Chlorophylle : le principal pigment assimilateur des végétaux photosynthétiques. C’est un pigment situé dans les chloroplastes des cellules végétales, qui intervient dans la photosynthèse pour intercepter l’énergie lumineuse, première étape dans sa conversion en énergie chimique. Son spectre d’absorption du rayonnement lumineux est responsable de la couleur verte des algues par exemple.

Diagenèse : l’ensemble des processus physico-chimiques et biochimiques par lesquels les sédiments sont transformés en roches sédimentaires.

Diffraction X : la Diffractométrie de Rayons X (DRX, on utilise aussi souvent l’abréviation anglaise XRD pour X-ray diffraction) est une technique d’analyse fondée sur la diffraction des rayons X sur la matière.
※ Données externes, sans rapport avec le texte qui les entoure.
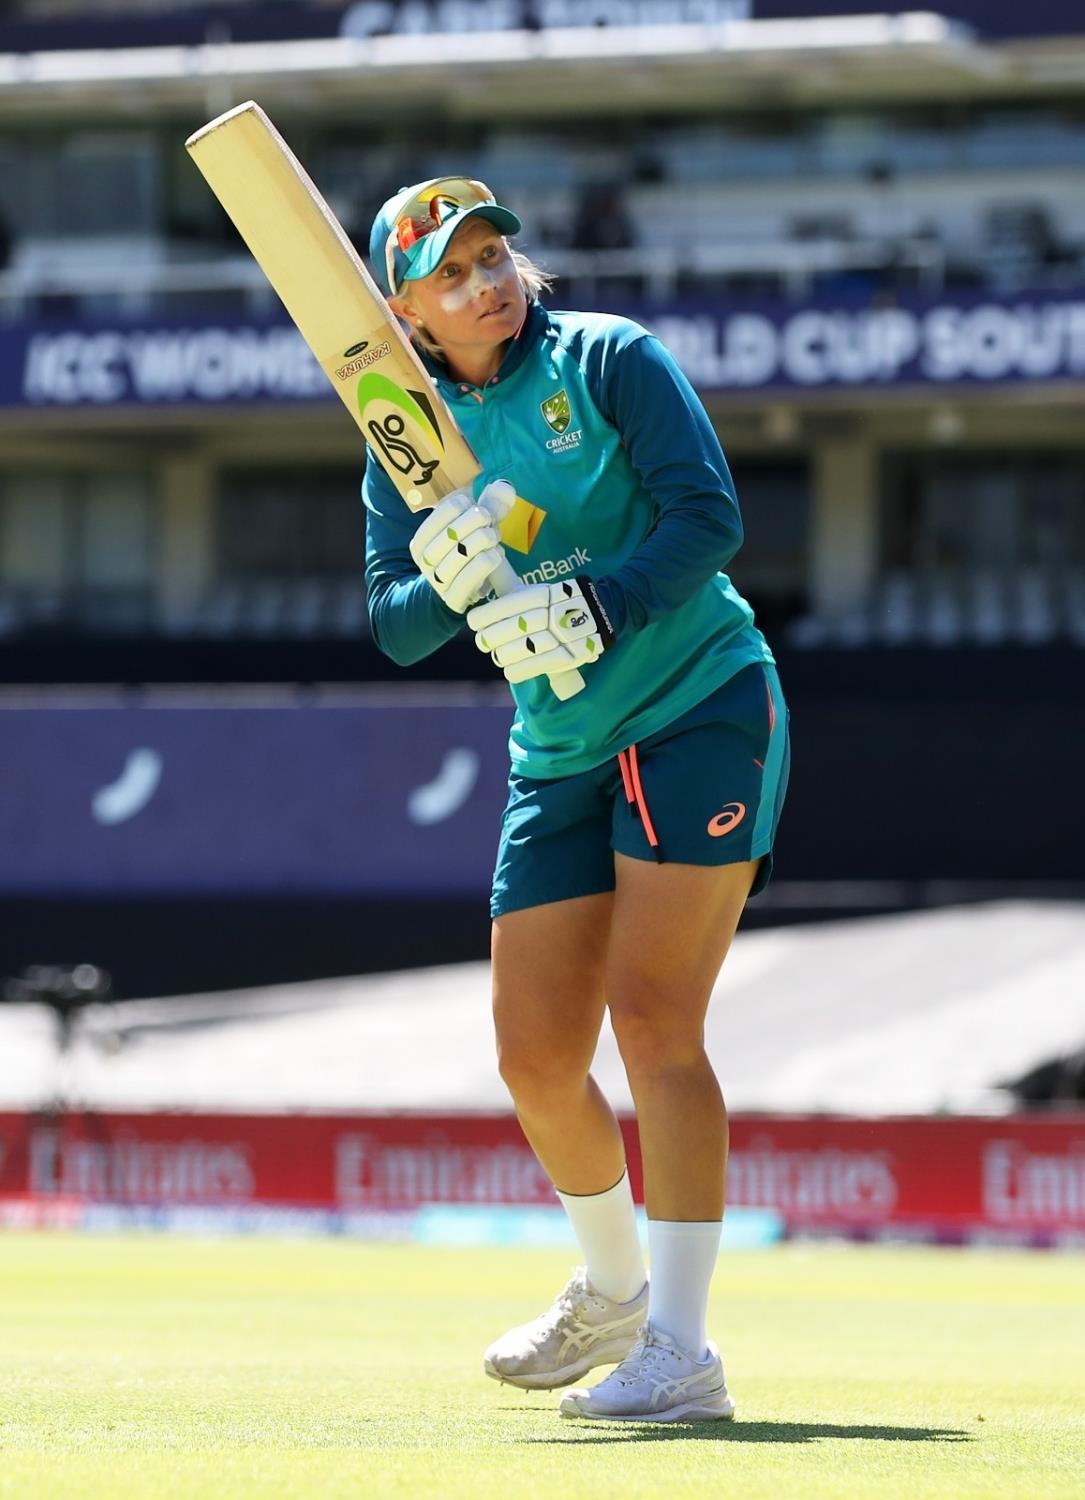 Australia Has Really Good Spin Attack, Prepare Spinning Wickets At Your Peril, Says Alyssa Healy Ahead Of Test V India
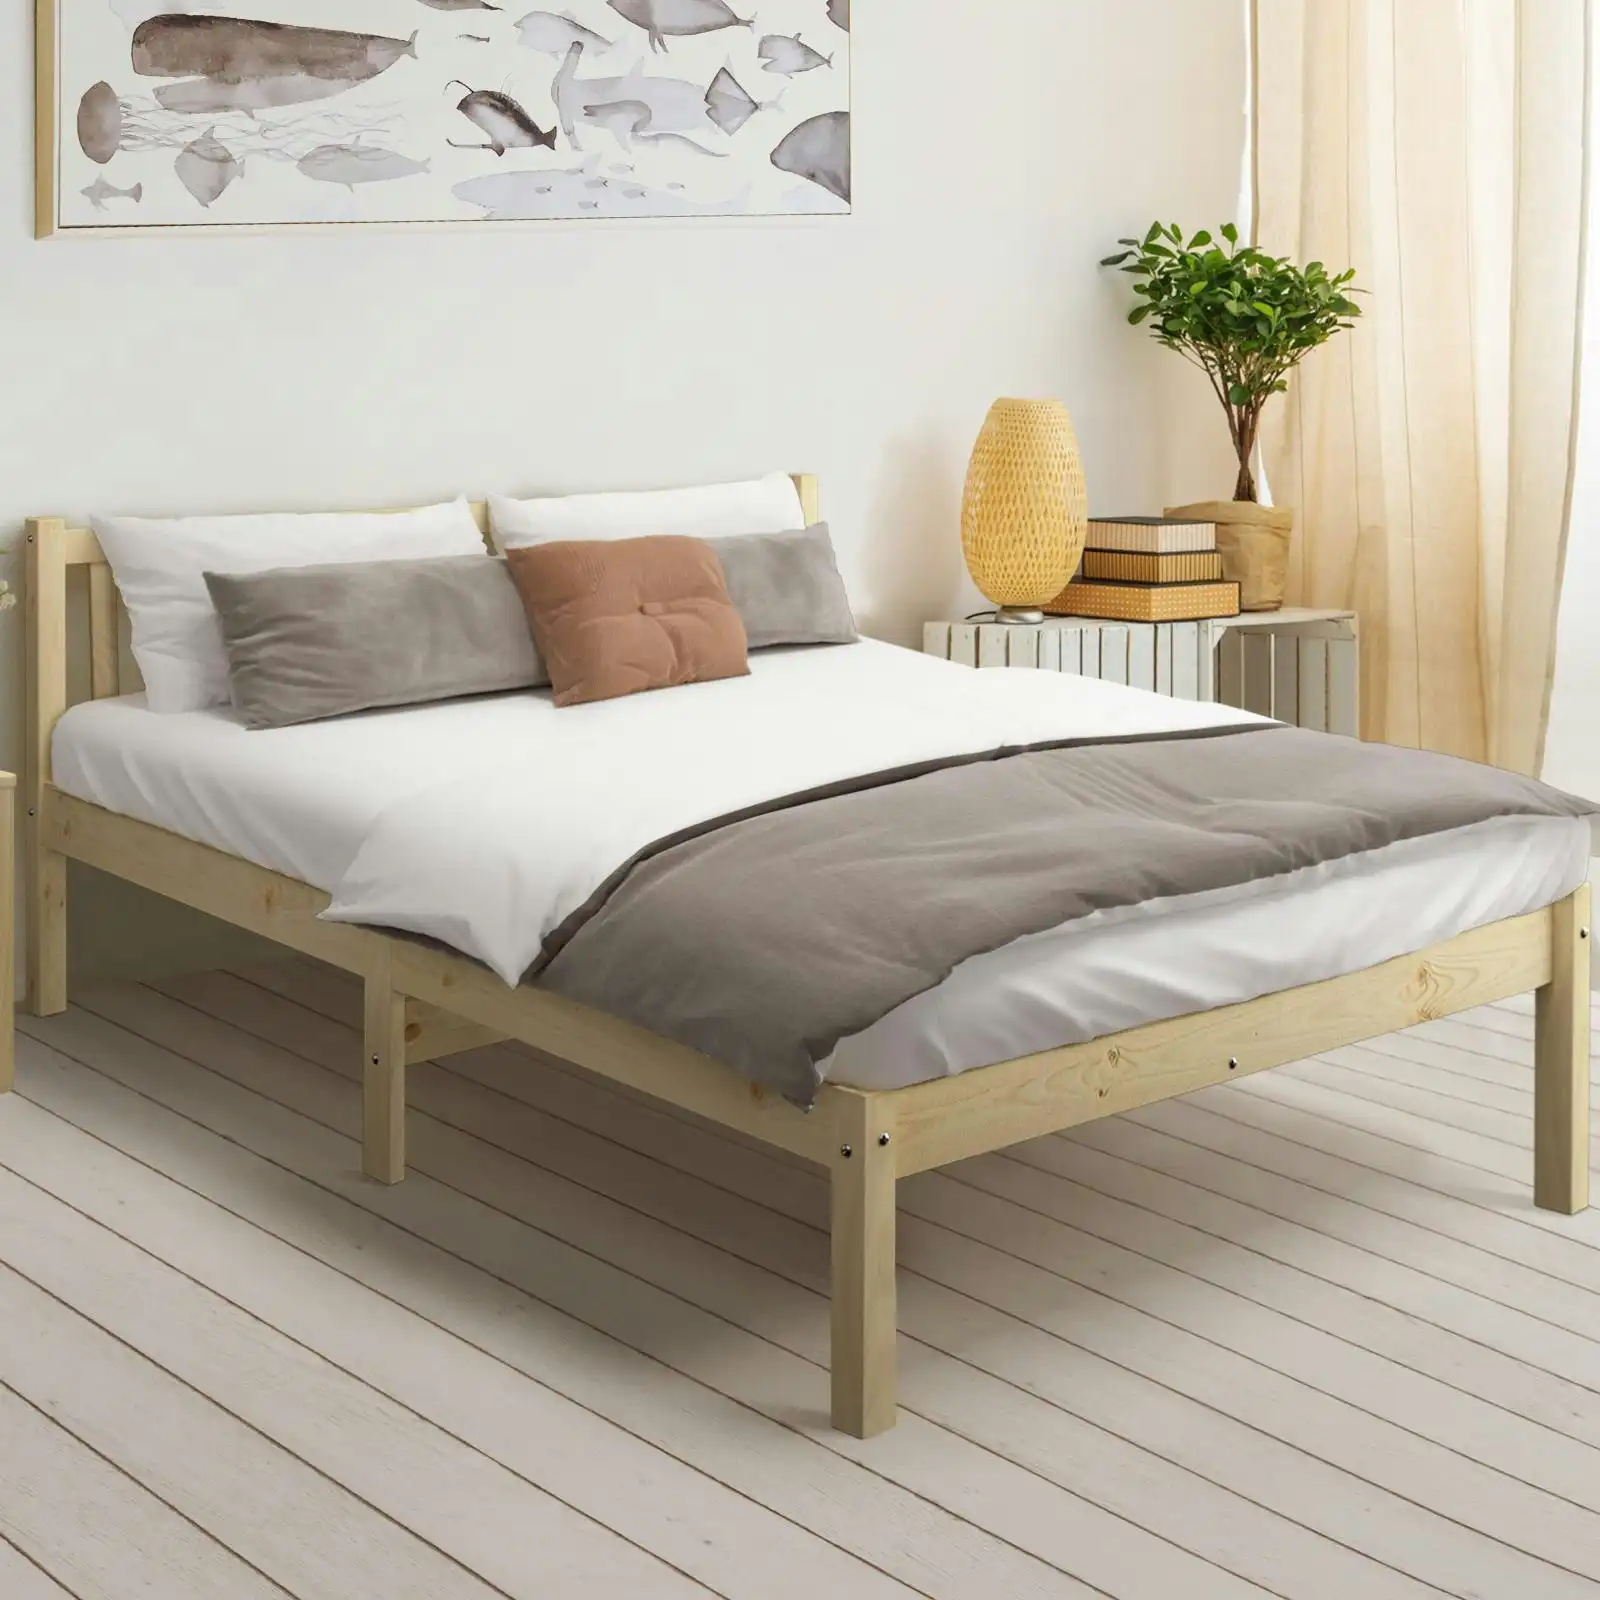 Oikiture Bed Frame King Size Wooden Timber Mattress Base Wood Headboard Bedroom

La diffraction des rayons X est caractéristique de la matière rencontrée.

Foraminifères : Protozoaires (eucaryotes unicellulaires de moins d’un millimètre) hétérotrophes qui ingèrent leur nourriture par phagocytose, apparus au Cambrien (qui s’étend de -542 à -488 millions d’années).

Optode : sonde qui mesure optiquement une substance spécifique habituellement à l’aide de capteur chimique (ex : concentrations en oxygène dissous).

Pipe : long tube métallique servant de guide au carottage.

Spectrométrie d’émission atomique à induction plasma : produit des atomes ou des ions émis sous forme de radiation électromagnétique caractéristique d’un élément en particulier (ex : ICP-AES, technique analytique de détection des éléments traces). L’intensité de l’émission est un indicateur de la concentration de l’élément dans un échantillon.